Experiencing the Deposit of Faith

Yves Tumor

Autoproduit  |  2017
8 / 10
par Émile  |  le 16 octobre 2017

Yves Tumor aime teinter sa carrière de mystère, et cet album sorti sur Soundcloud, en téléchargement libre, en est une nouvelle preuve. Pas de label pour le porter et comme repère une simple pochette, représentant un rituel dont on aurait perdu le sens mais pas la splendeur. On se retrouve seul face à un titre d'album, Experiencing the deposit of faith, littéralement "Expérimenter le sédiment de la foi". Avec ce projet, on le devine avec prudence, Yves Tumor ambitionne de produire la bande-son de ce qu'il y a d'incompréhensible dans l'humanité et dans ses activités cultuelles. Très clairement, la musique de cet artiste basé à Turin porte en elle l'amour de ce qui se cache et qu'on dévoile sans jamais en saisir clairement les limites. Mais lorsqu'on parvient à le découvrir, c'est d'une qualité insoupçonnable.

Ce nouvel album commence et se termine comme un morceau de musique bruitiste : sans que l’on en prenne vraiment conscience, dans une évaporation qui redonne du sens au bruit du monde.
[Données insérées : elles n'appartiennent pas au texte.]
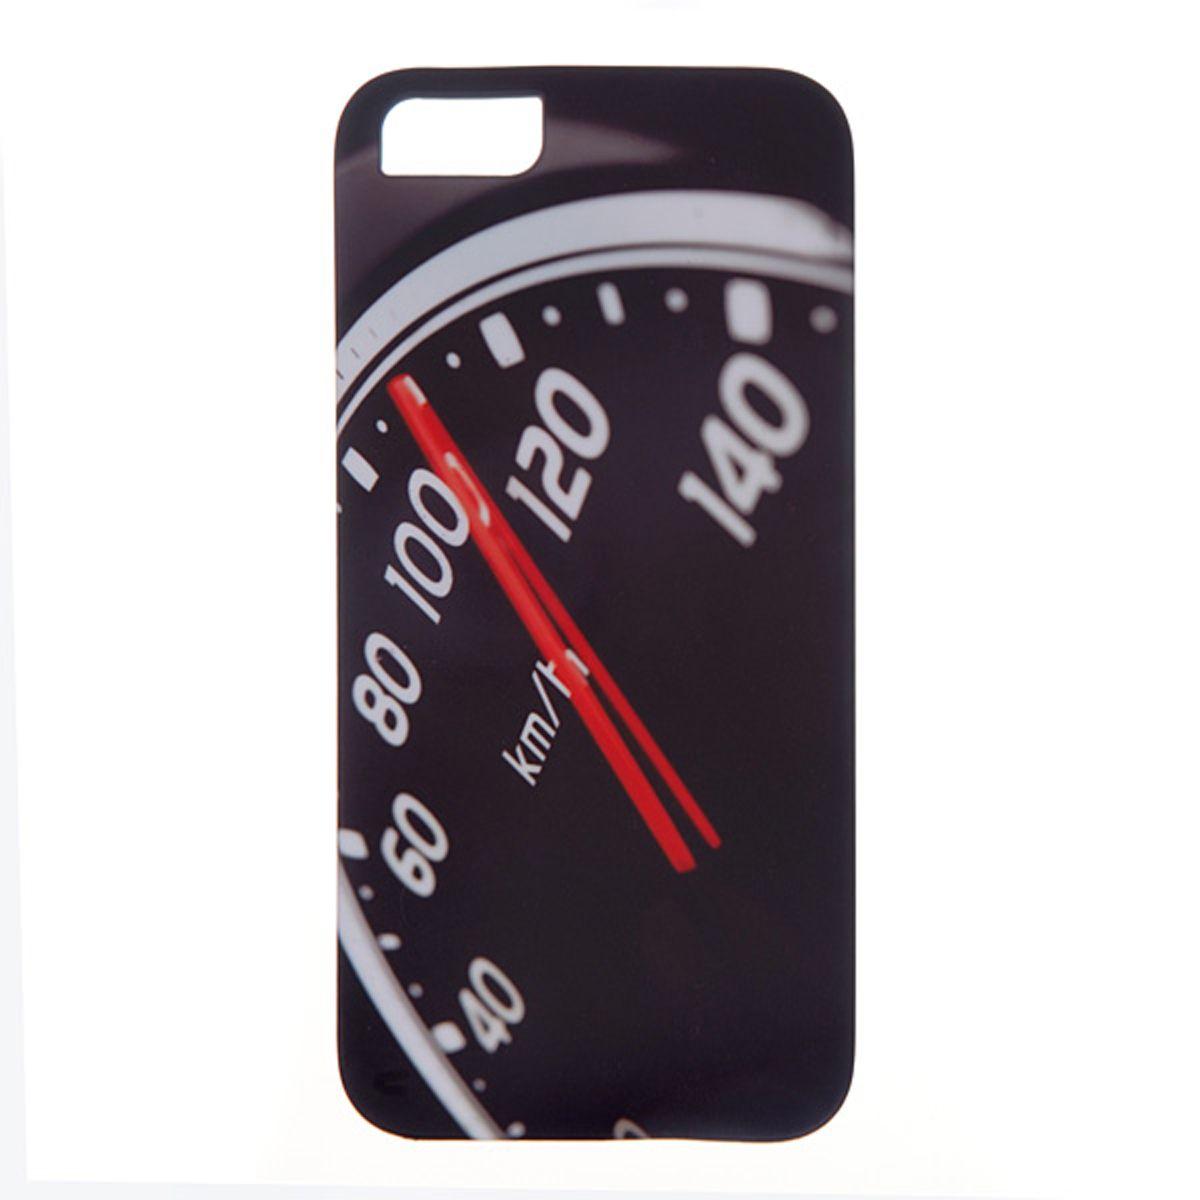 Mitya Veselkov Скорость чехол для Apple iPhone 5/5sIP5.МITYA-018Оденьте свой любимый iPhone! Чехол Mitya Veselkov Скорость для вашего Apple iPhone 5/5s - не просто средство защиты от царапин и внешних повреждений, но и модный аксессуар, который сделает ваш образ завершенным.

Rien n’est pourtant fait pour nous impressionner dans ces douze titres : pas de pièce maîtresse de quinze minutes comme la musique expérimentale en a l’habitude, pas d’envolées épiques au synthétiseur, pas non plus de ruptures inattendues dans la construction. On est plutôt dans une suite, un déroulement exposant plusieurs essais qui se ressemblent par leur finesse et leur humilité, couvrant un champ musical très vaste. On aurait parfois envie d'annoter l'album de l'étiquette "ambient", mais il ne faut s'attendre ni au choc d'un Merzbow ni à la pureté d'un Fennesz. Yves Tumor impose une marque de fabrique très particulière, toujours en évolution mais fidèle à ce qu'il a déjà pu montrer dans ses albums précédents.

En effet, tout ce qui émergeait depuis quelques années dans ses sonorités est exploré ici, et Experiencing the Deposit of Faith est un mélange de soul, de punk, de hip-hop, de musique électronique et (surtout) d'expérimentation. Si l'album n'est peut-être pas au-dessus de son précédent Serpent Music, la prise de risque est plus importante, les variations plus fortes, les décalages entre les morceaux moins compréhensibles. L'album s'écoute comme on se glisse dans de la soie, mais il devient si rêche lorsqu'il faut tenter de l'appréhender par les mots. 

D'une manière générale, l'essence de cet album tient dans son éclatement et son incohérence heureuse. Le morceau qui clôt l’album, "Love is the Law", en est la plus éclatante preuve : la dynamique de Experiencing the Deposit of Faith est celle du minimalisme, avec des morceaux brefs, répétitifs et en apparence relativement simples mais contenant un nombre impressionnant de trouvailles - et de ce point de vue, on comprend mieux les nombreux parallèles qui sont faits avec l'insondable Dean Blunt.

À l'arrivée, on se dit qu'il faut vraiment saluer la capacité d'Yves Tumor à se renouveler tout en conservant son originalité et sa qualité sur deux albums ayant à peine un an d’écart. On ne ne sait trop si l’album nous incite à prier ou à détruire ce qu'il y a de religieux chez l'homme, mais le seul fait qu'il déclenche le questionnement en fait déjà une œuvre digne de notre intérêt. Bref, espérons que cela dure, parce qu'ils sont rares les artistes qui nous livrent tous les ans des disques de ce calibre, qui plus est sans chercher à en faire commerce.